The table below, from [semantic release](https://github.com/semantic-release/semantic-release), shows which commit message gets you which release type when `semantic-release` runs (using the default configuration):

| Commit message                                                                                                                                                                                   | Release type                                                                                                    |
| ------------------------------------------------------------------------------------------------------------------------------------------------------------------------------------------------ | --------------------------------------------------------------------------------------------------------------- |
| `fix(pencil): stop graphite breaking when too much pressure applied`                                                                                                                             | ~~Patch~~ Fix Release, Default release                                                                          |
| `feat(pencil): add 'graphiteWidth' option`                                                                                                                                                       | ~~Minor~~ Feature Release                                                                                       |
| `perf(pencil): remove graphiteWidth option`<br><br>`BREAKING CHANGE: The graphiteWidth option has been removed.`<br>`The default graphite width of 10mm is always used for performance reasons.` | ~~Major~~ Breaking Release <br /> (Note that the `BREAKING CHANGE: ` token must be in the footer of the commit) |

### Documentation
To generate the rst files source files for documentation, run
```bash
sphinx-apidoc -o docs/source/ src
```
Then to create the documentation HTML files, run
```bash
sphinx-build -b html docs/source/ docs/build/html
```
More info on sphinx installation can be found [here](https://www.sphinx-doc.org/en/master/usage/installation.html).

### Read the Docs Deployment
Note: Private repositories require **Read the Docs for Business** account. The following instructions are for a public repo.

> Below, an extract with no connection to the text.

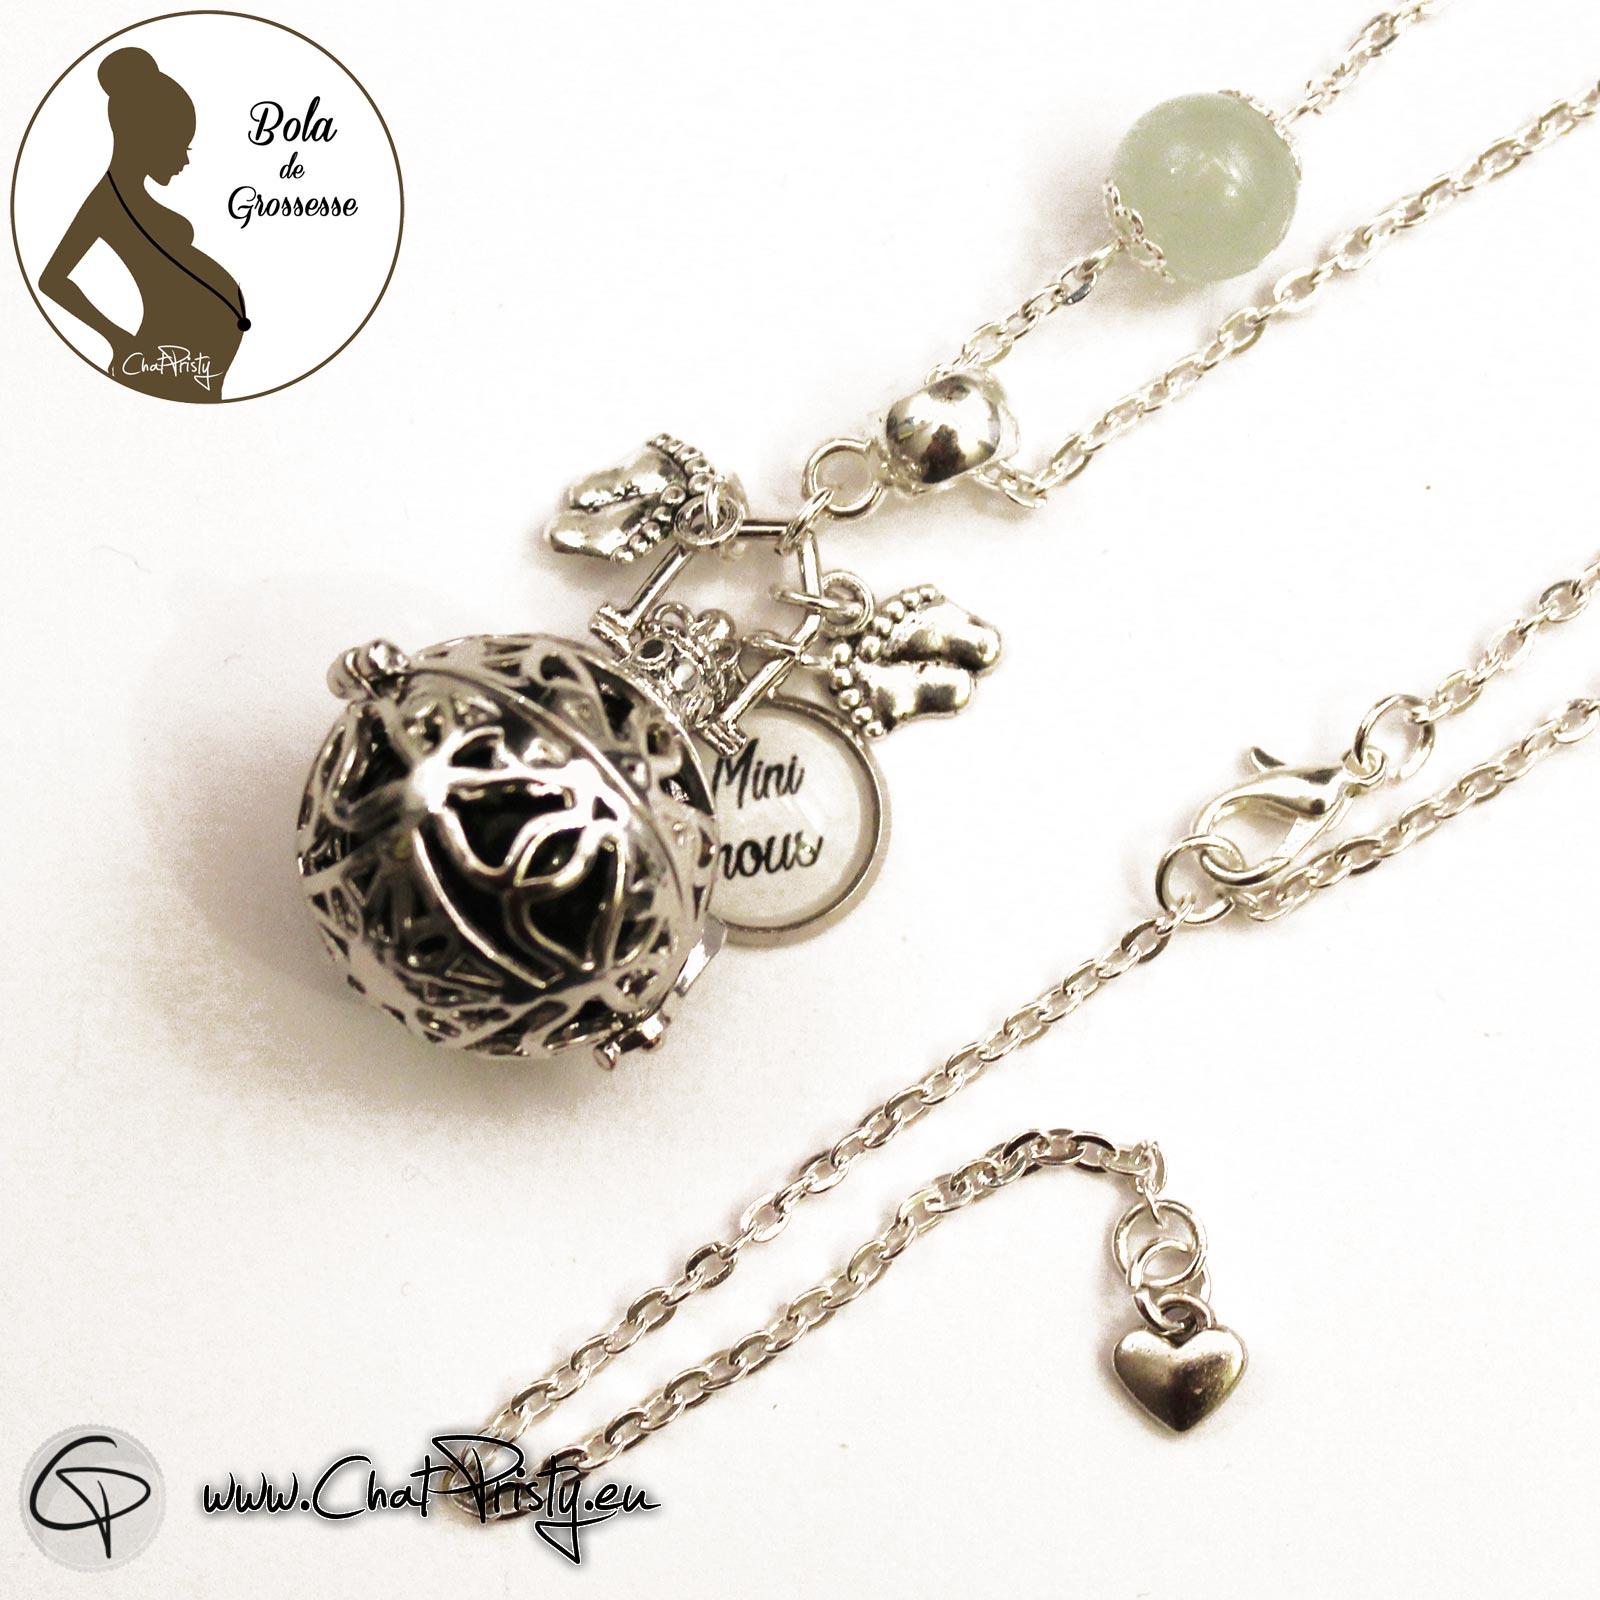 bijou de grossesse femme enceinte bol de grossesse gémellaire à personnaliser avec un mot tendre

The following are required to import and build documentations on *Read the Docs*:
- A *Read the Docs* user account connected to Github. See [here](https://docs.readthedocs.com/platform/stable/guides/connecting-git-account.html) for more details.
- *Read the Docs* needs elevated permissions to perform certain operations that ensure that the workflow is as smooth as possible, like installing webhooks. If you are not the owner of the repo, you may have to request elevated permissions from the owner/admin. 
- A **.readthedocs.yaml** file in the root directory of the repo. Here is a basic template:
```yaml
# Read the Docs configuration file
# See https://docs.readthedocs.io/en/stable/config-file/v2.html for details

# Required
version: 2

# Set the OS, Python version, and other tools you might need
build:
  os: ubuntu-24.04
  tools:
    python: "3.13"

# Path to a Sphinx configuration file.
sphinx:
  configuration: docs/source/conf.py

# Declare the Python requirements required to build your documentation
python:
  install:
    - method: pip
      path: .
      extra_requirements:
        - dev
```

Here are the steps for building docs in *Read the Docs*. See [here](https://docs.readthedocs.com/platform/stable/intro/add-project.html) for detailed instructions:
- From *Read the Docs* dashboard, click on **Add project**.
- For automatic configuration, select **Configure automatically** and type the name of the repo. A repo with public visibility should appear as you type. 
- Follow the subsequent steps.
- For manual configuration, select **Configure manually** and follow the subsequent steps

Once a project is created successfully, you will be able to configure/modify the project's settings; such as **Default version**, **Default branch** etc.